Selon la duègne, le code est clair : « The shop’s for business » (p.460), la maison est privée, et les deux ne doivent pas interférer. Pour le narrateur, il l’est moins : « ‘Mr. Jacobus’, I pronounced slowly. ‘Do you really think that upon the whole and taking various matters into consideration – I mean everything, do you understand ? – it would be a good thing for me to trade, let us say, with you ?’ » (p.479).
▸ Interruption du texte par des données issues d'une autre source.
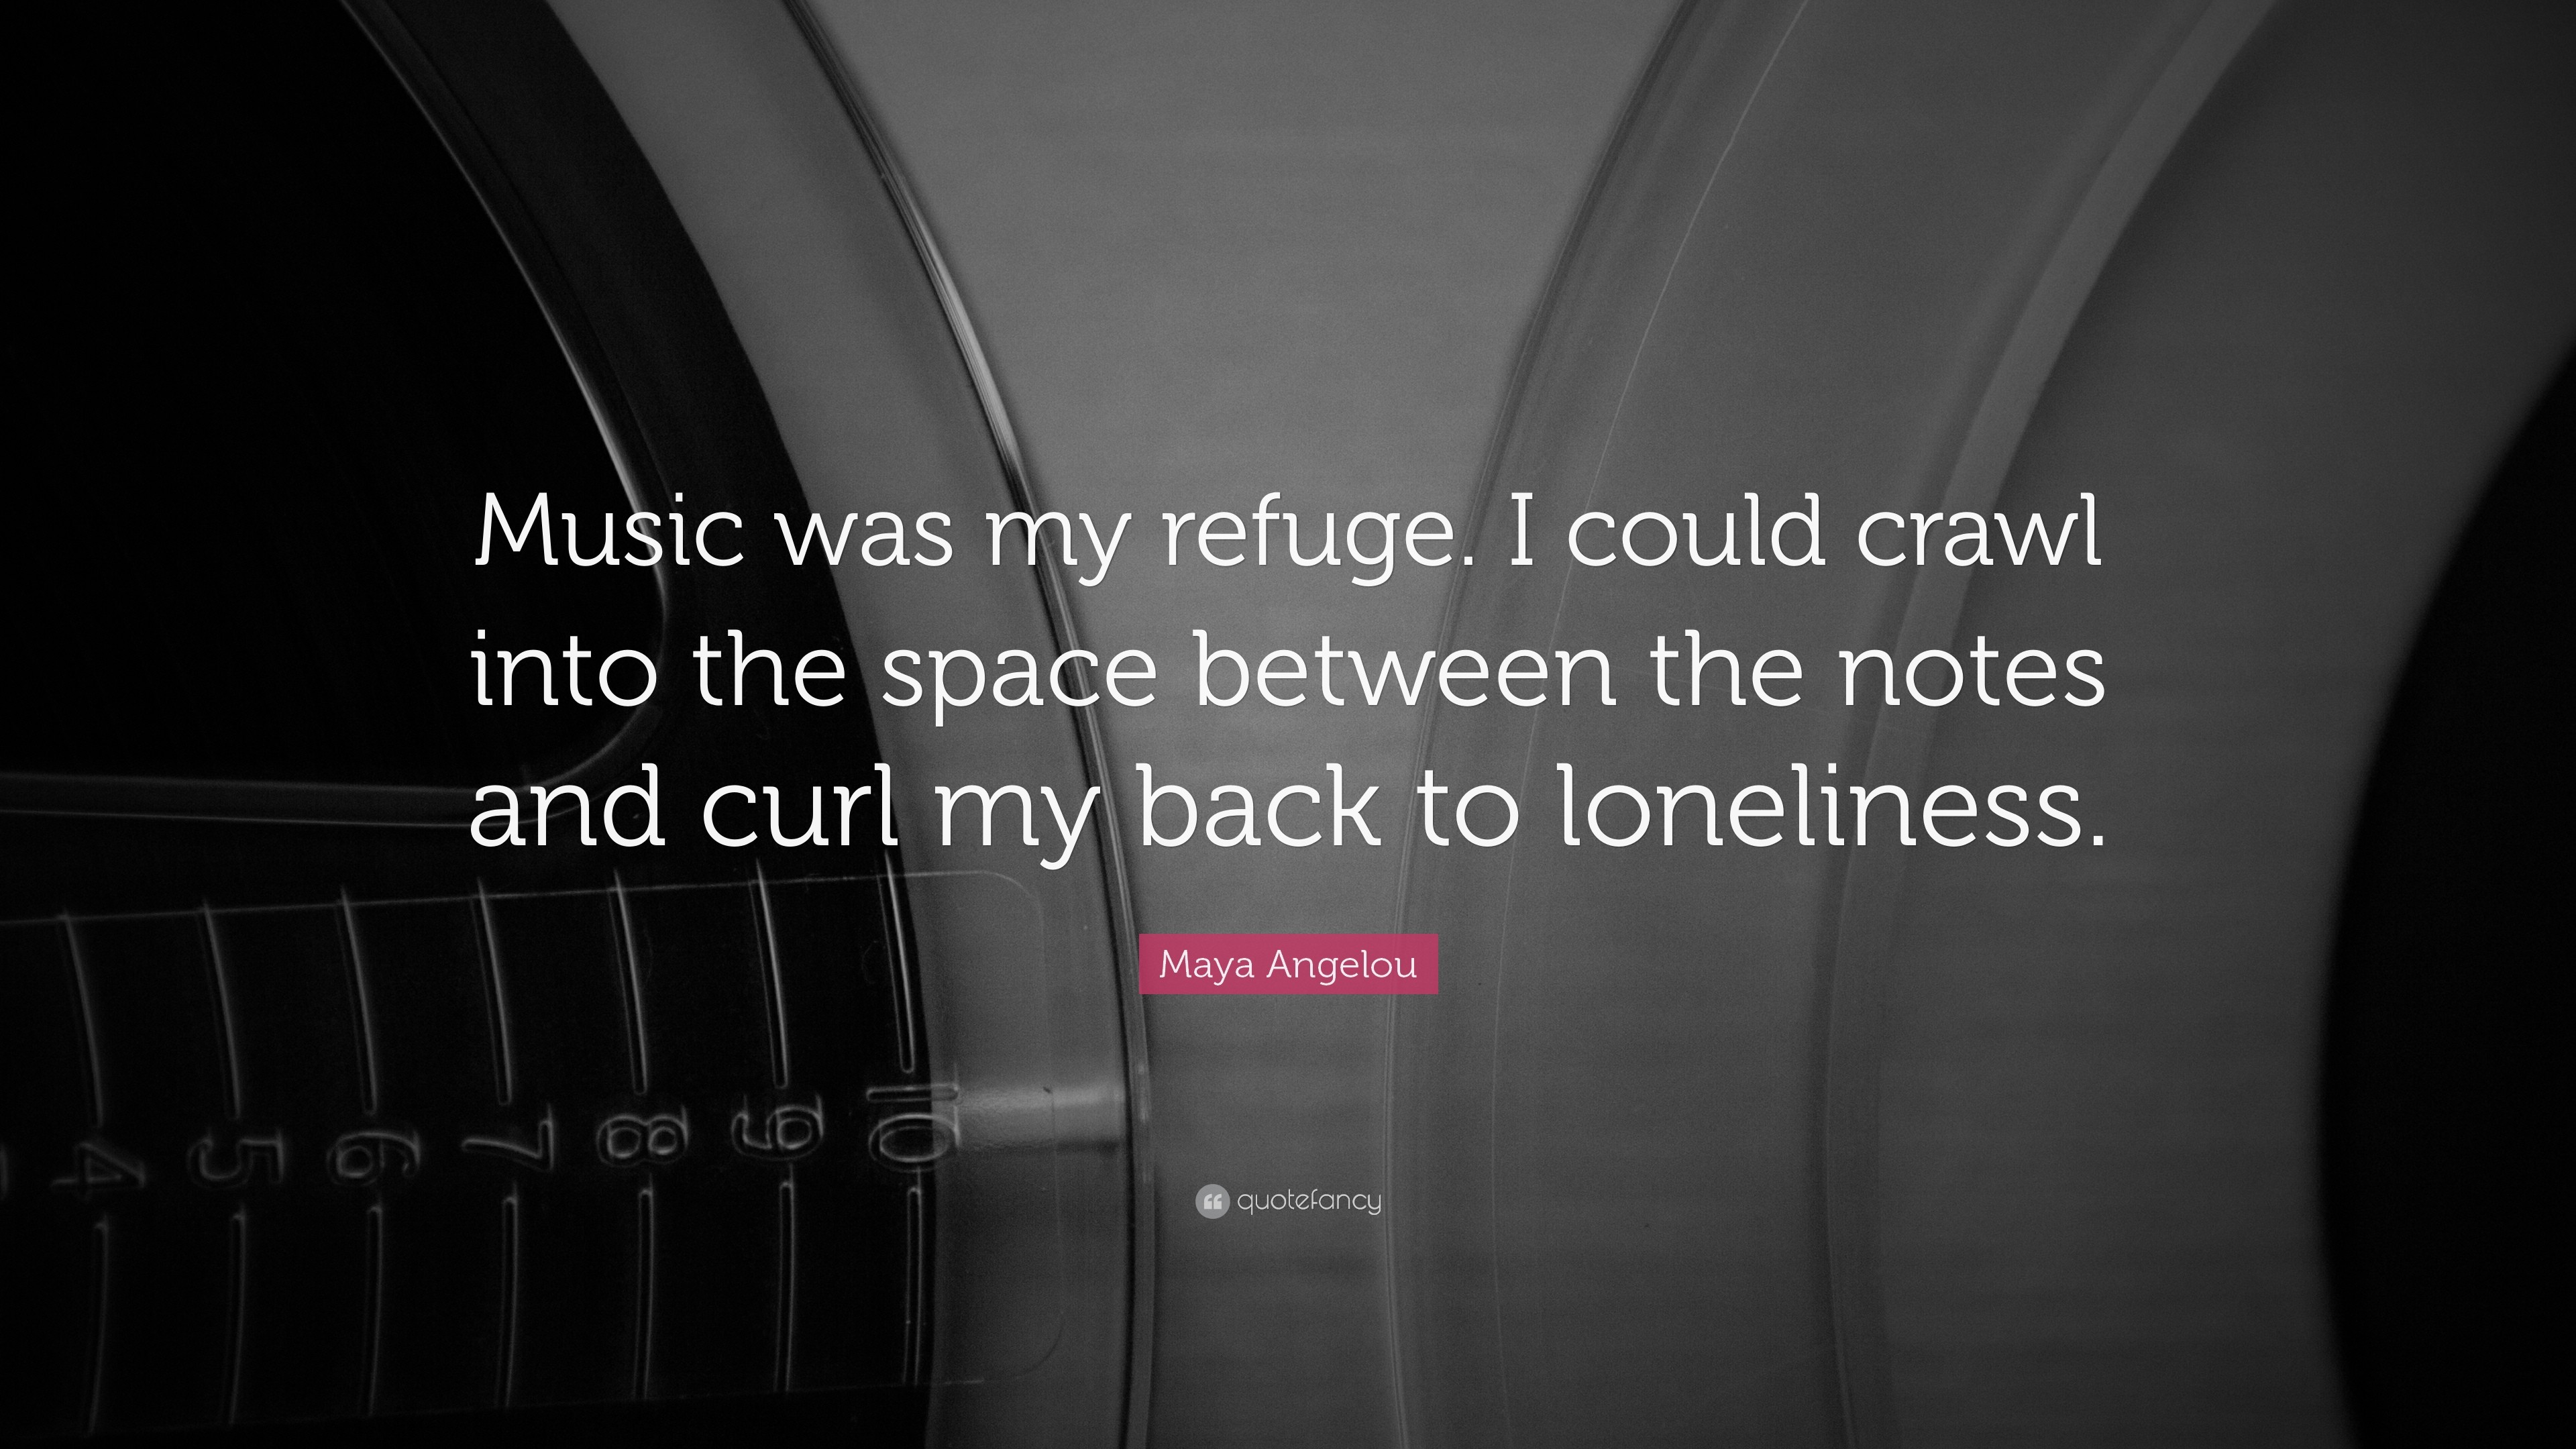 Music Quotes: “Music was my refuge. I could crawl into the space between

Ainsi, toute l’expérience du narrateur sur l’île Maurice consiste-t-elle à éprouver son « Type Cognitif » (Eco 1997b, p.133 131 ) du Capitaine, c’est-à-dire à vérifier la pertinence de la perception privée qu’il a de sa propre fonction. Il est, à ce stade, exactement comme le Bidayūh qui voit un avion et en perçoit le caractère « artefact volant ». Il cherche à obtenir confirmation ou infirmation de son choix du mot beron [beRon] pour le désigner, auprès des autres membres de sa tribu. En particulier, il cherche à savoir si un consensus se fait sur la non pertinence pour le Contenu Nucléaire de traits comme « plus léger » ou « plus lourd » que l’air. Cela décidera de l’avenir du mot beron (prononciation locale de « balloon ») pour nommer les avions 132 .

Le narrateur de ‘A Smile of Fortune’ en est lui aussi réduit à interroger ses semblables pour préciser le CN d’une fonction visiblement nouvelle pour lui.

Notes
129.

Matthieu, 6, 11.

130.

« area di consenso » (Eco 1997a, p.115).

131.

« Tipo Cognitivo » (Eco 1997a, p.109).

132.

Et effectivement, ni le bidayūh ni le malais sarawakien (qui appelle les avions belon [b¶lon]) n’ont retenu la densité dans leur Contenu Nucléaire, bien que leur « Contenu Molaire » (Eco 1997b, p.144 = les propriétés enregistrées par leur encyclopédie) en connaisse parfaitement l’existence.